▶ WHAT THE TASK REQUIRES: Having located "Любовный роман женщина" in the listing below, write out its line and every following line exactly, last line included, without the pictures.
━━ DATA
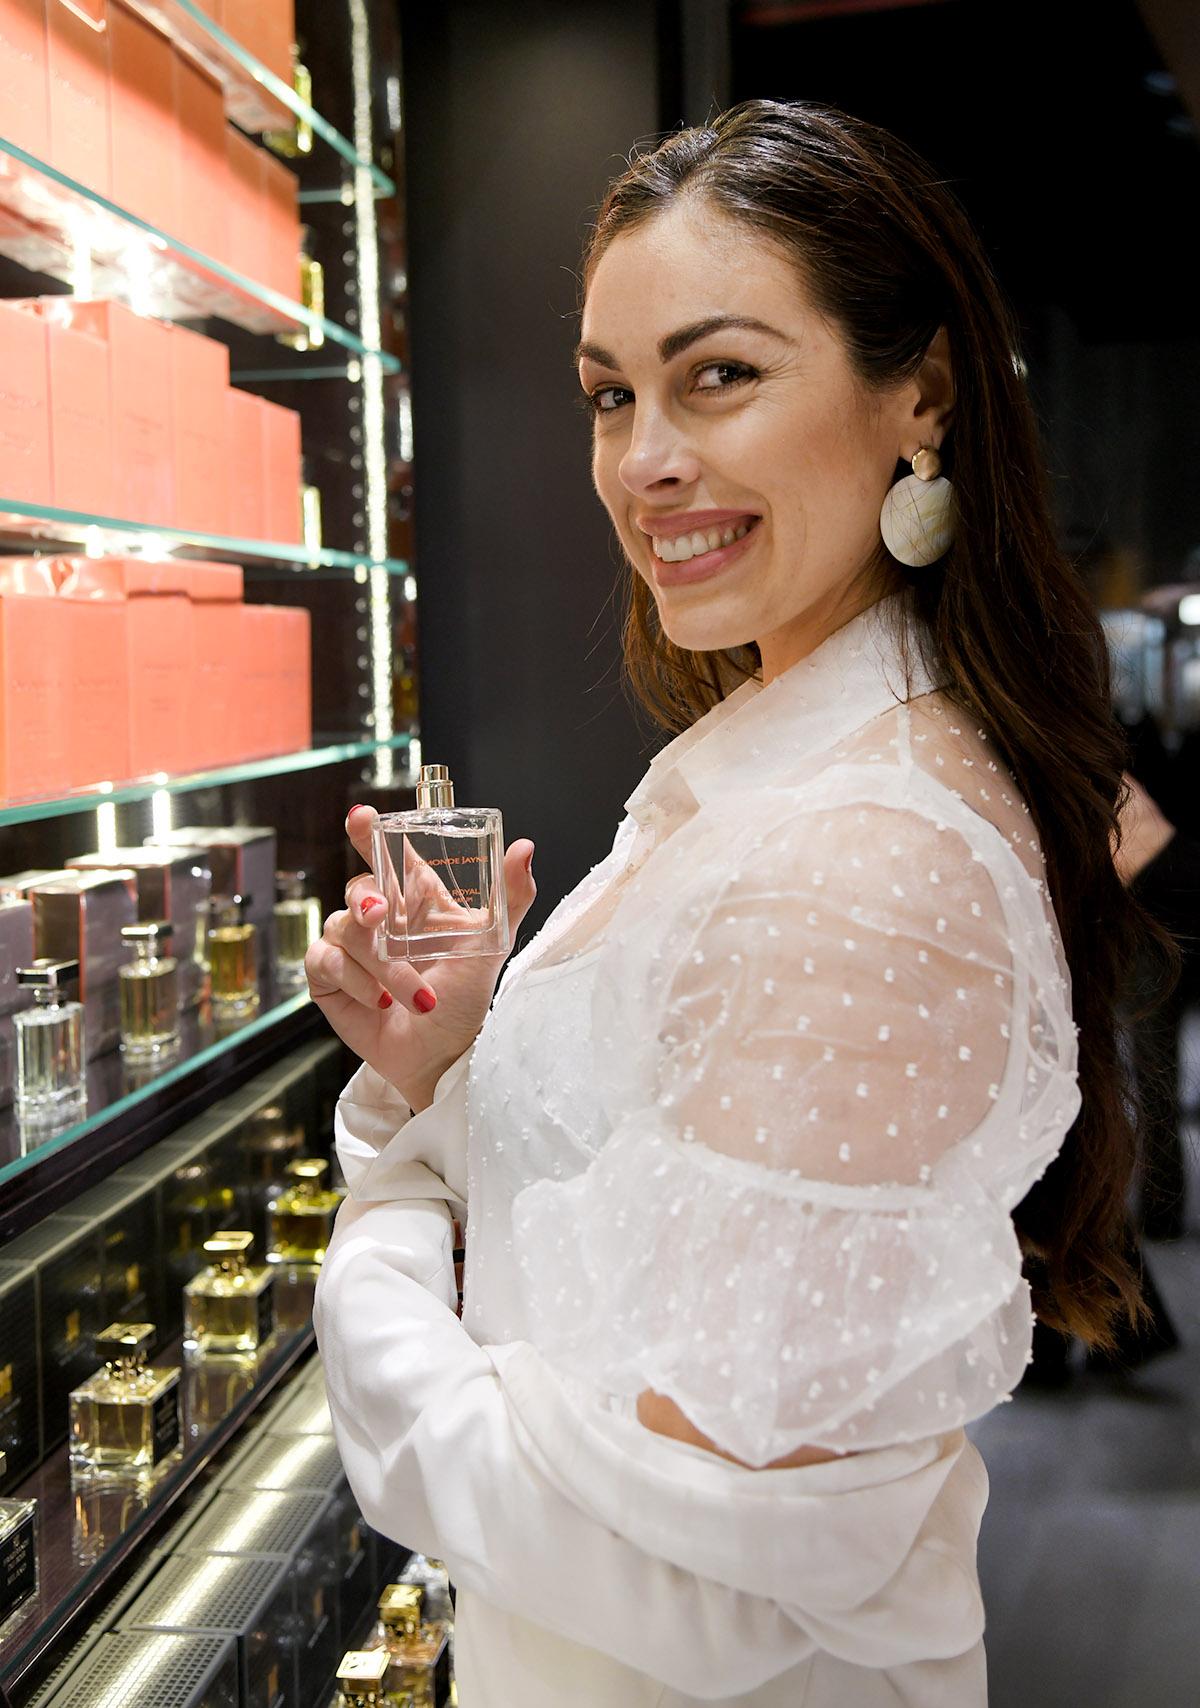 Dočekali smo otvorenje parfumerije posebnih mirisa: Amber niche store!
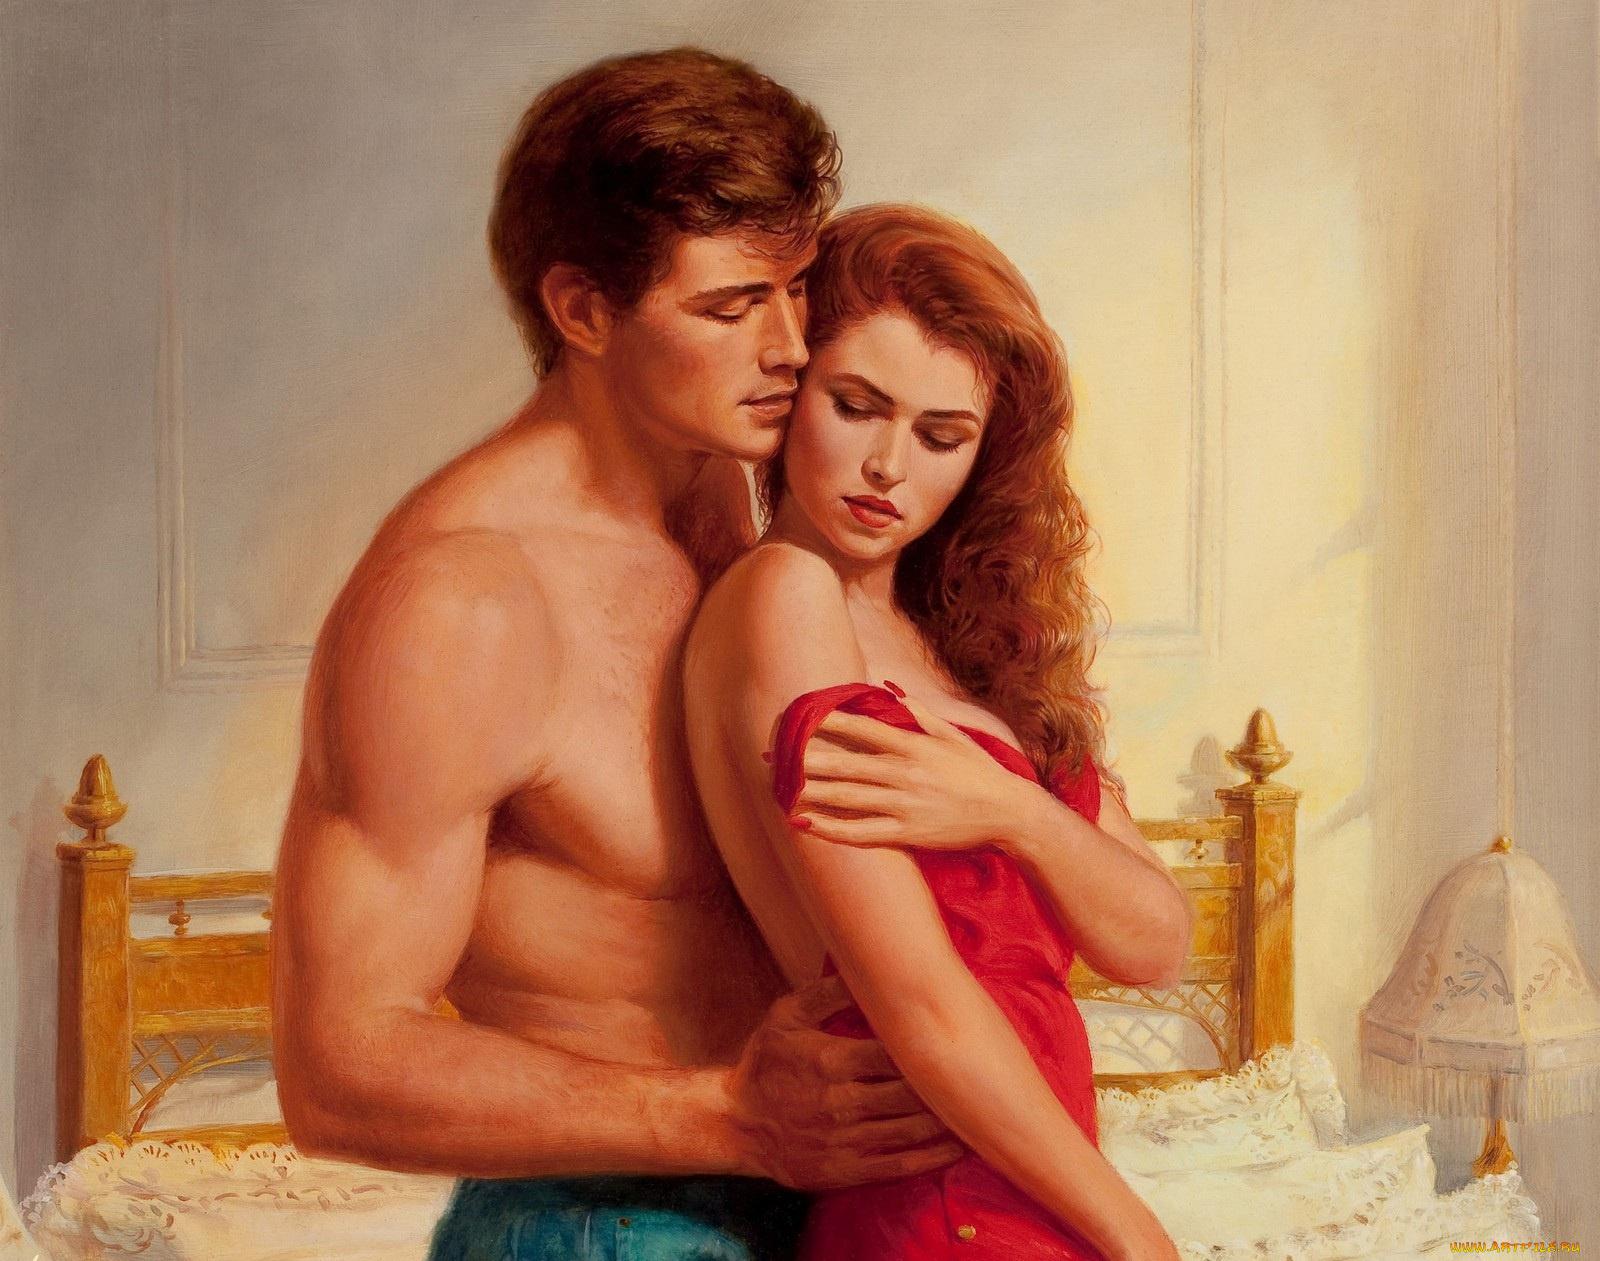 Любовный роман женщина с мужчиной в кровати видео, порно французские горничные
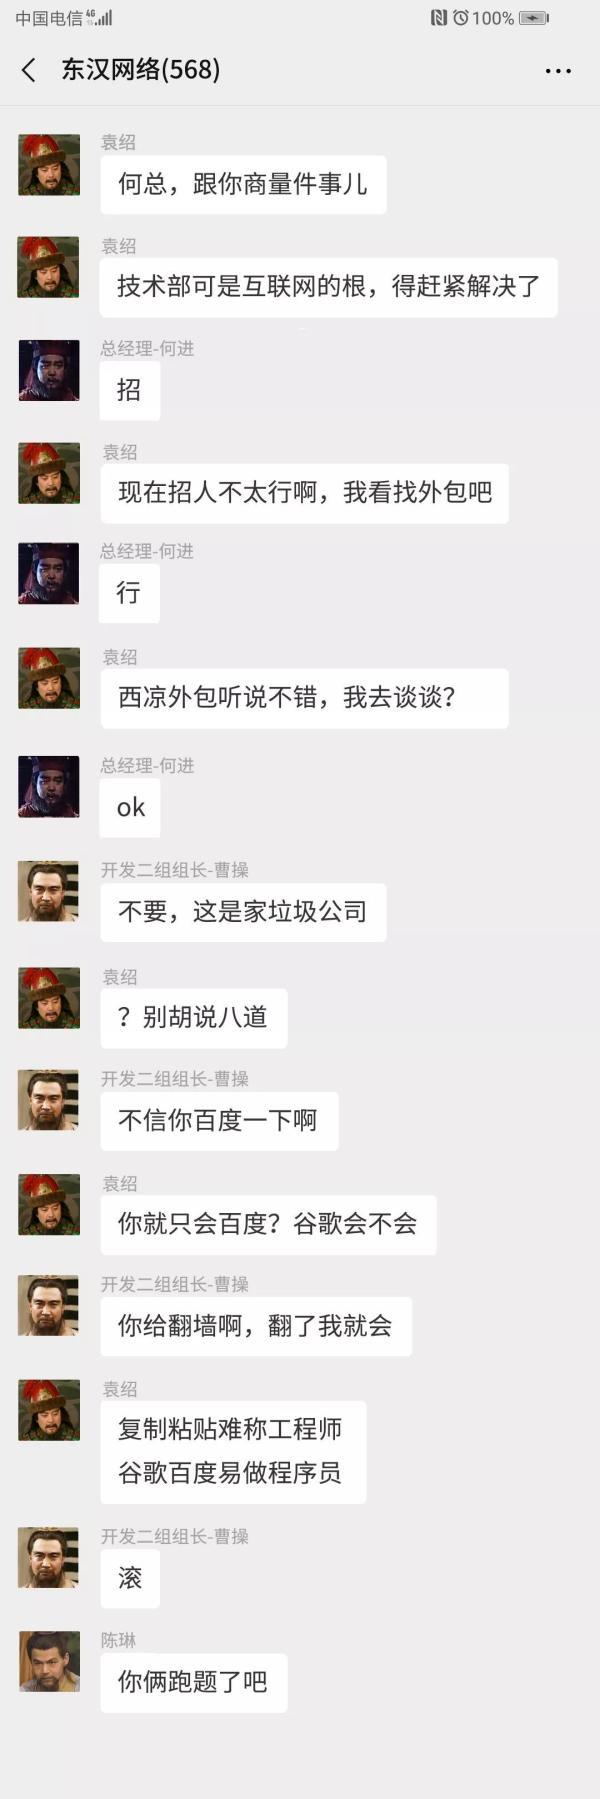 假如曹操是一名程序员,会发生什么?
━━━━
▶ SOLUTION:
 Любовный роман женщина с мужчиной в кровати видео, порно французские горничные
 假如曹操是一名程序员,会发生什么?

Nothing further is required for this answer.